医療レーザー脱毛に使われる機器の種類は複数あり、それぞれ波長・特性・適した毛質・肌質が異なります。レーザーの違いを理解することで、より自分に合ったクリニック・施術を選ぶことができます。
脱毛レーザーの基本原理

1)脱毛レーザーとは?
医療レーザー脱毛とは、特定の波長のレーザー光を毛根のメラニン色素に吸収させ、その熱エネルギーによって発毛組織にダメージを与える脱毛方法です【1】。現在の医療脱毛では主にアレキサンドライトレーザー(755nm)、ダイオードレーザー(808nm)、Nd:YAGレーザー(1064nm)の3種類が使用されています。
これらのレーザーは波長によってメラニンへの吸収率や皮膚への到達深度が異なるため、効果が出やすい毛質や適した肌質が異なります。例えば、アレキサンドライトレーザーは白い肌と濃い毛に適しており、Nd:YAGレーザーは色黒肌や日焼け後の肌にも対応しやすい特徴があります。
近年では複数の波長を搭載した複合型レーザー機器も普及しており、患者様の毛質・肌質・施術部位に合わせて最適なレーザーを選択できるようになっています。
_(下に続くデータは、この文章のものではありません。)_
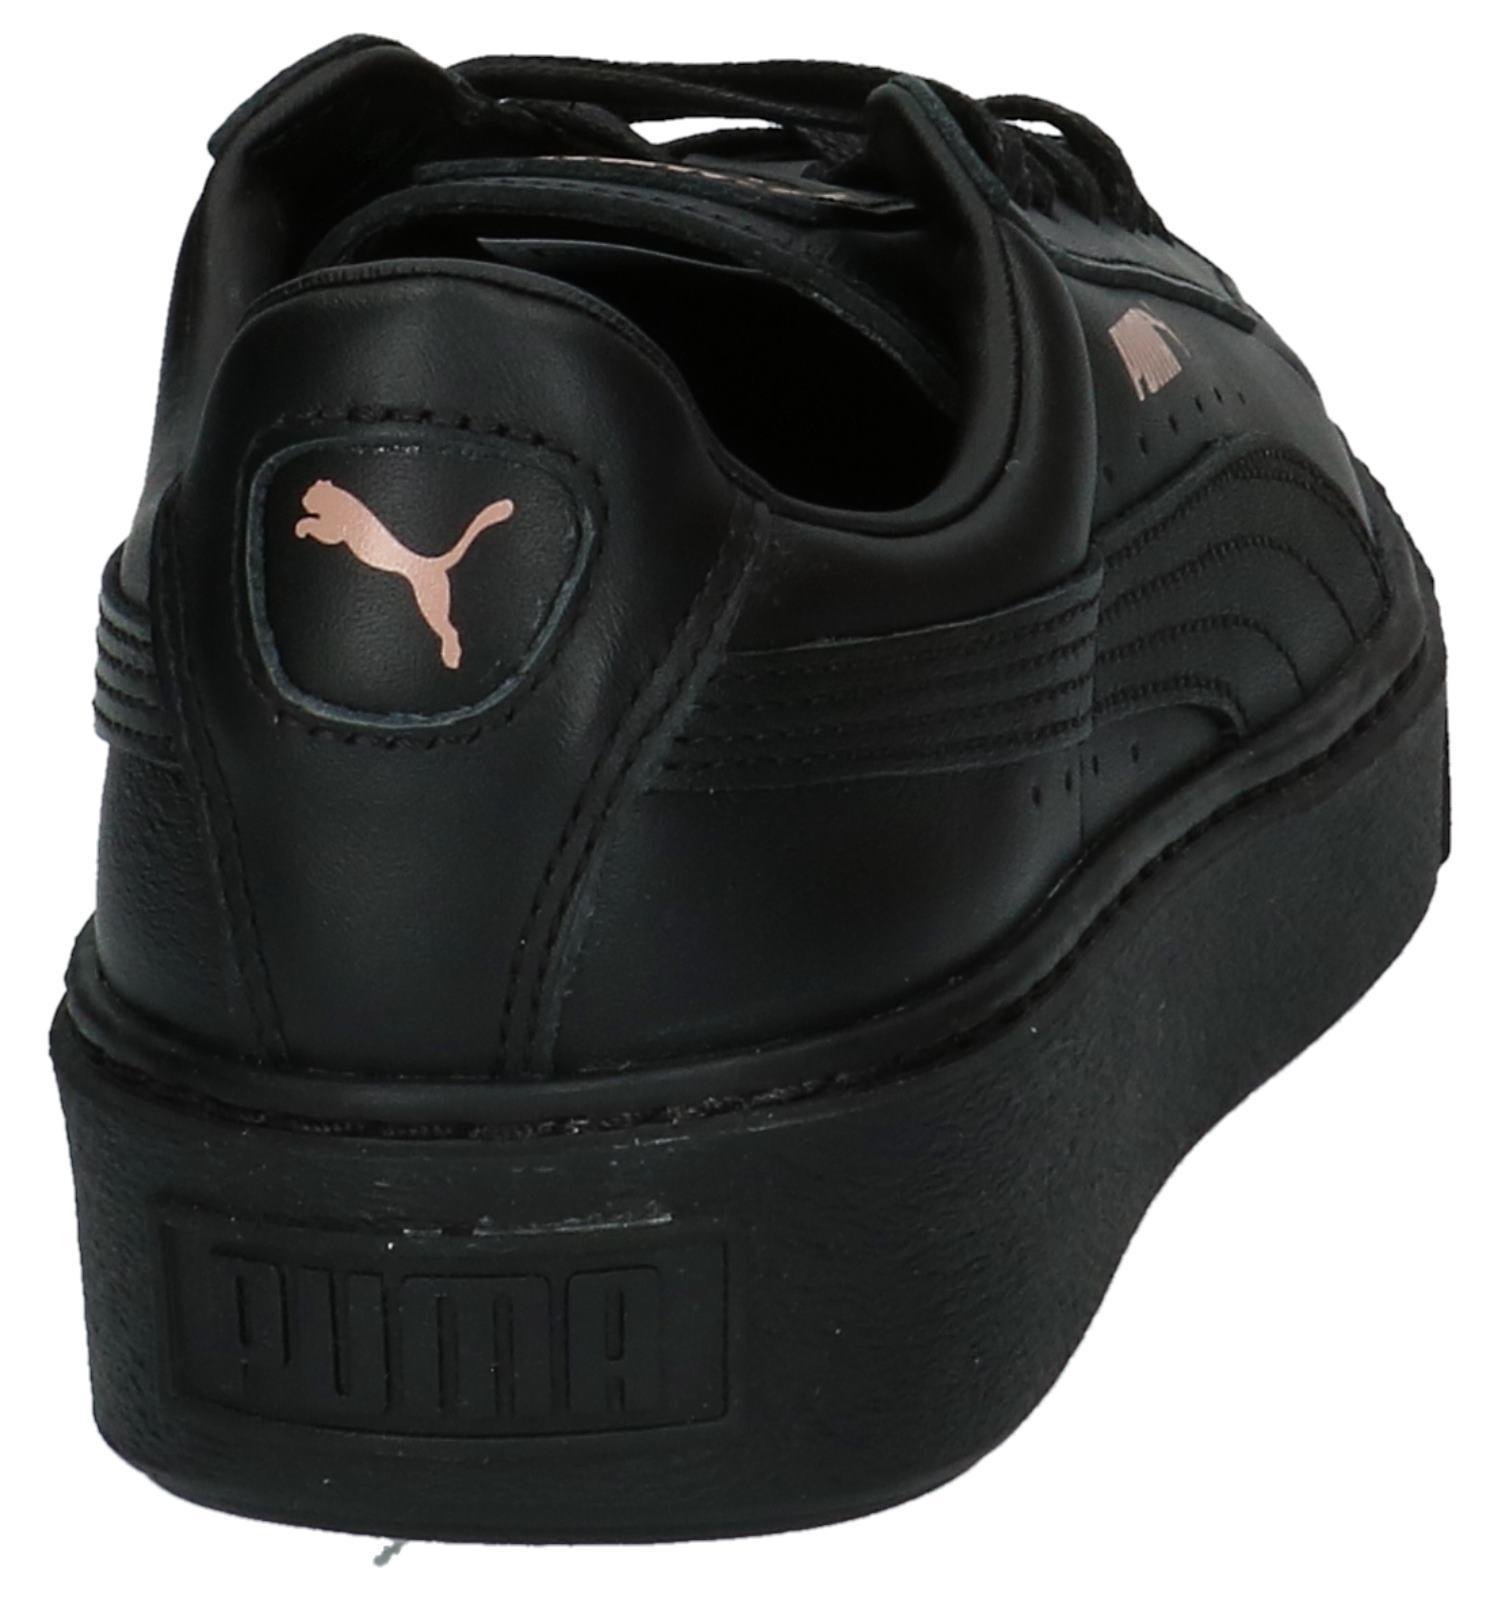 38a4aeeab90 Zwarte Puma Basket Platform Lage Sportieve Sneakers   TORFS.BE   Gratis  verzend en retour
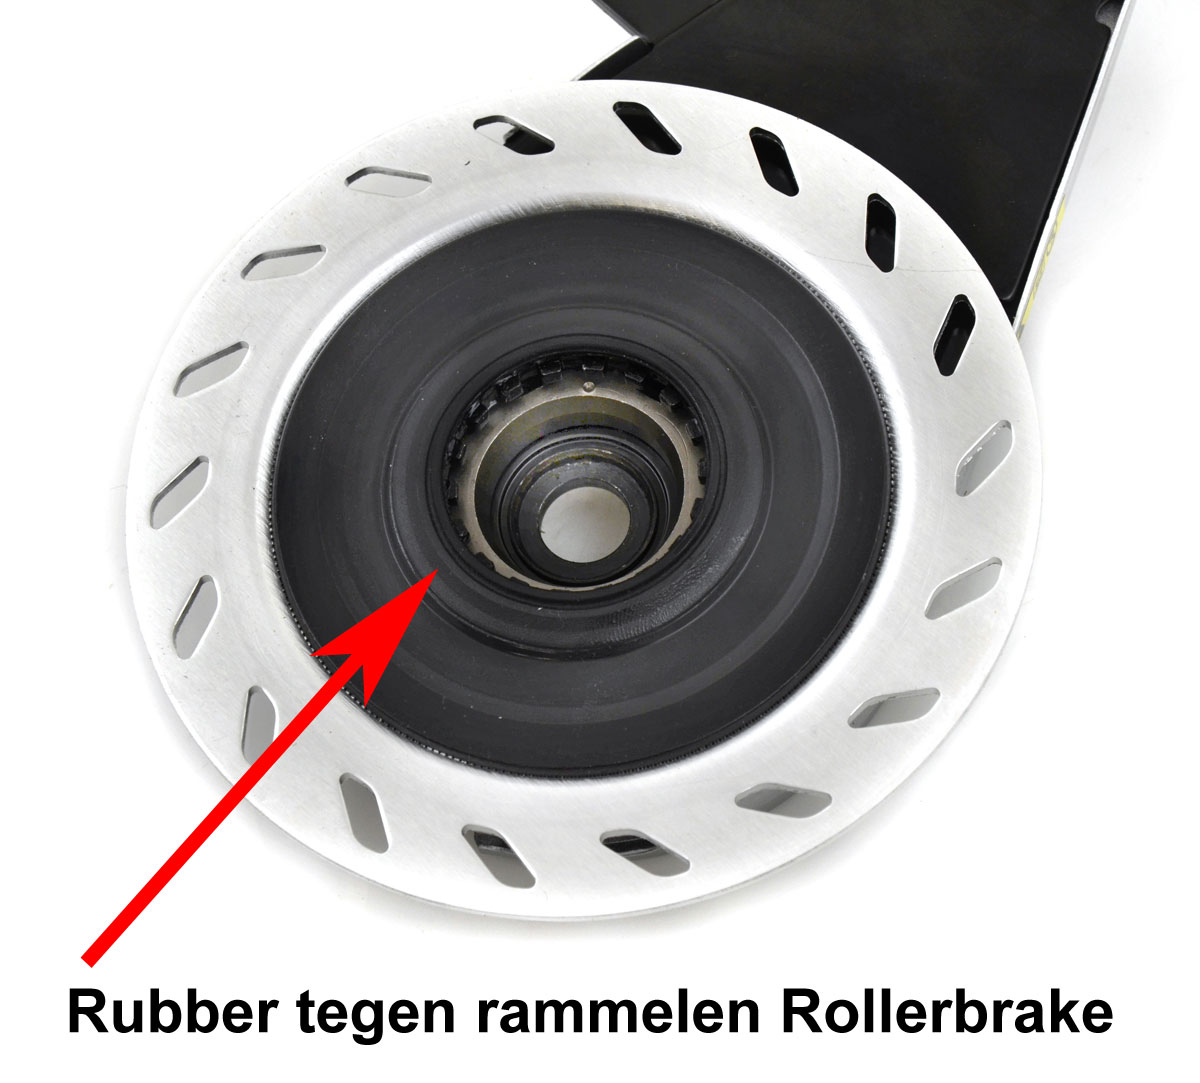 Rubber op Shimano rollerbrake tegen rammelen

2)選択的光熱分解(Selective Photothermolysis)の原理
すべての医療レーザー脱毛は、1983年にAndersonとParrishが確立した「選択的光熱分解」の原理に基づいています特定の波長の光が毛根のメラニン色素に選択的に吸収され、その熱エネルギーが毛乳頭・バルジ領域の幹細胞を熱破壊します。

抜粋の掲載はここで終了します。